Endoscopic Retrograde Cholangiopancreatography (ERCP)

This procedure is invaluable for the assessment of extrahepatic biliary disease in older children (e.g., choledochal cysts, primary sclerosing cholangitis) or for the assessment of chronic pancreatitis. It involves an endoscopic technique where a fiberoptic duodenoscope is passed into the first part of the duodenum, the ampulla of Vater is identified, the pancreatic and biliary ducts are cannulated, and radiological contrast is injected. The technique has an 80 % success rate in skilled hands. Although this technique should be of value in the differential diagnosis of neonatal cholestasis, technical difficulties in the cannulation of bile ducts in small infants may provide equivocal information. Recently, in some centers, the diagnostic value of ERCP has been superseded by magnetic resonance imaging (MRI) via performance of a magnetic resonance cholangiopancreatography (MRCP) which is noninvasive. Limitations of MRCP due to experiential lack of sensitivity mean ERCP is still valuable as a diagnostic tool, and ERCP also retains an important role in therapy [24].

Molecular Biology

The development of molecular biology has revolutionized methodology for many complex diagnostic procedures, transforming many techniques into routine laboratory procedures [25], particularly in screening for rare neonatal diseases [26]. Progress in identifying specific genes and DNA sequencing has made possible the diagnosis of many inborn errors of metabolism and inherited disease (e.g., Alagille syndrome, Wilson disease, tyrosinemia type I) and led to the identification of specific mitochondrial disorders.

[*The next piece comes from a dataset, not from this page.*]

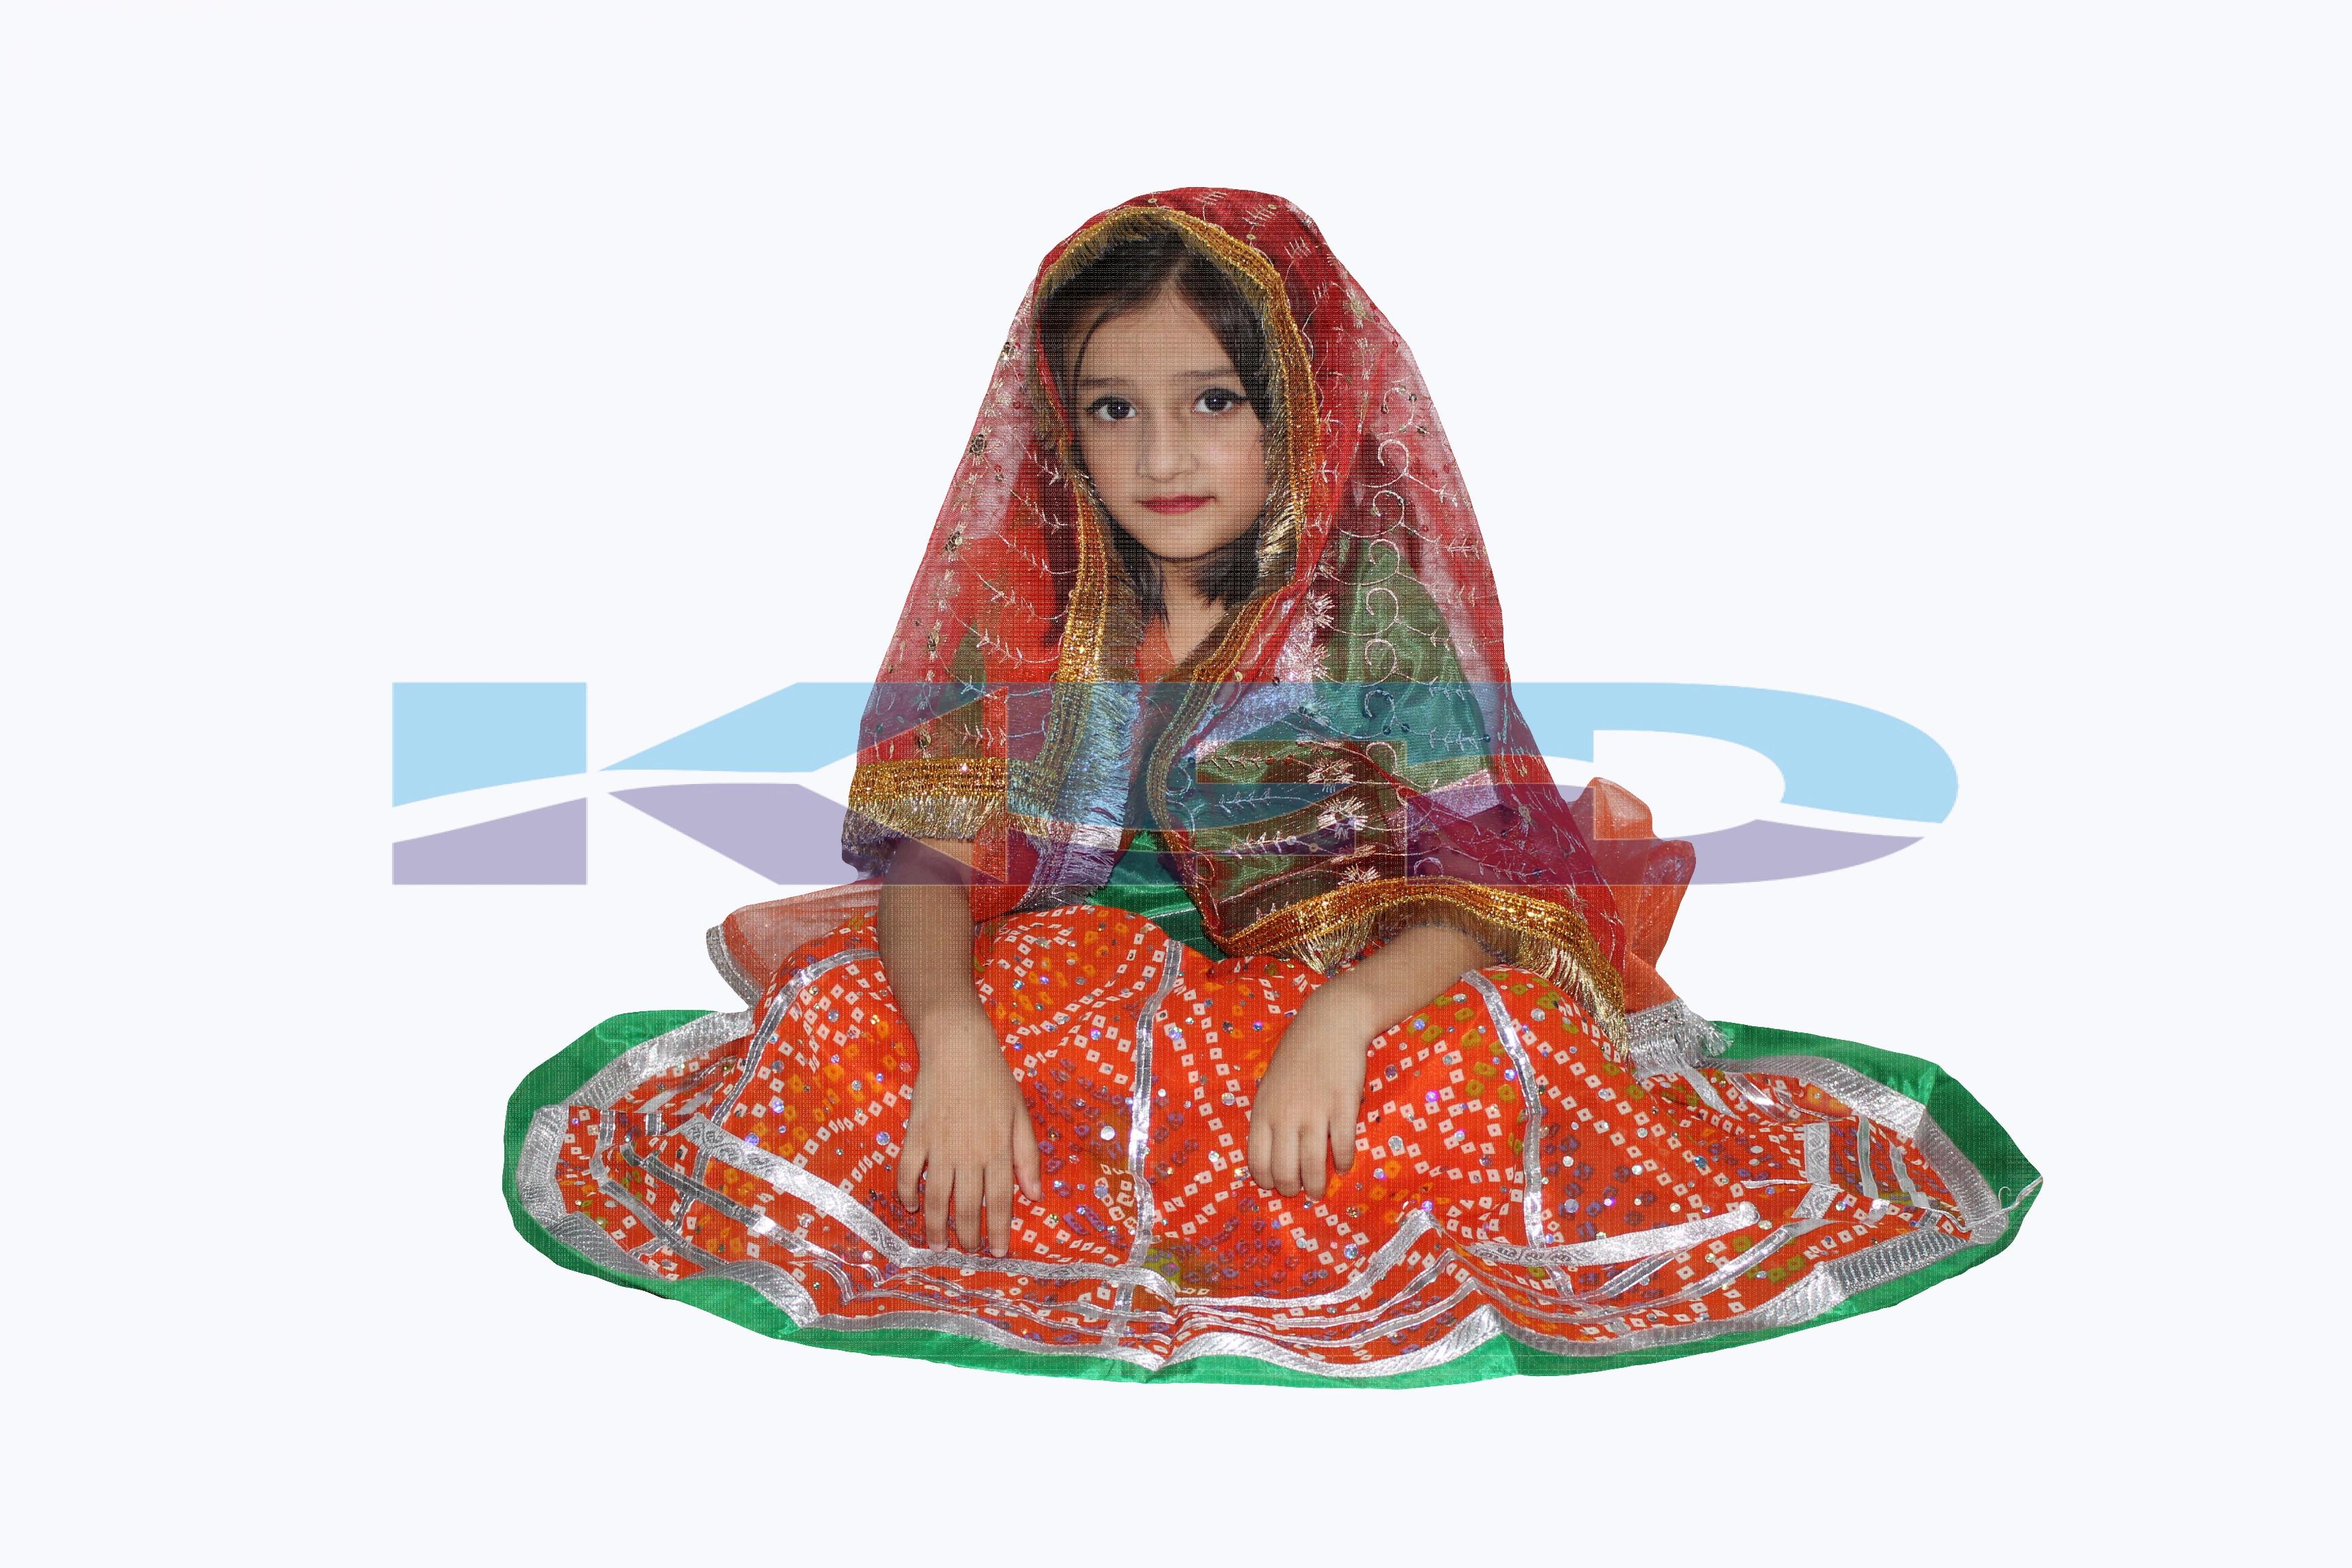 Mata Ki Chunari/Navratri Chunni For Kanya Pujan/Devi Mata Full Jari Chunari/Durga Devi Chunni With Golden Embroidery And Lace,Used For Various Hindu Puja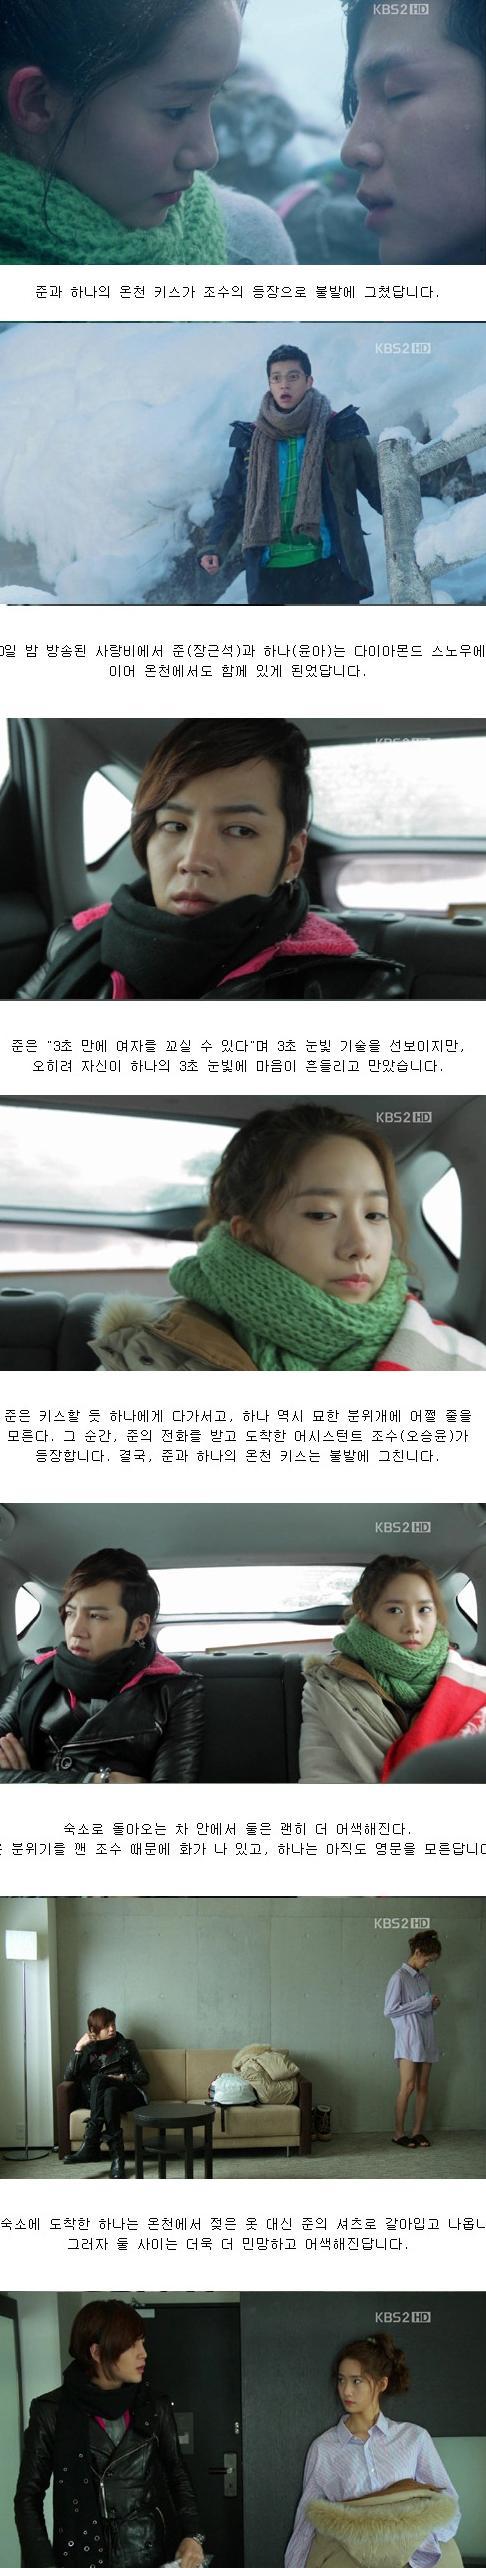 Spoiler] Added episode 6 captures for the Korean drama 'Love

Advances in methodology for gene cloning and molecular cloning methods have been helpful in identifying viruses such as hepatitis C and G [27], while the polymerase chain reaction has been used to diagnose active infection and monitor patients with many different viral diseases, such as hepatitis C, cytomegalovirus (CMV), and Epstein–Barr virus (EBV). Diagnosis for autoimmune disorders has improved, with specific assays that use recombinant protein antigens (e.g., antinuclear antigens and liver–kidney microsomal antibodies). The rapid development of molecular techniques is certain to lead to further improvements in diagnostic methods and to a better understanding of pediatric liver disease.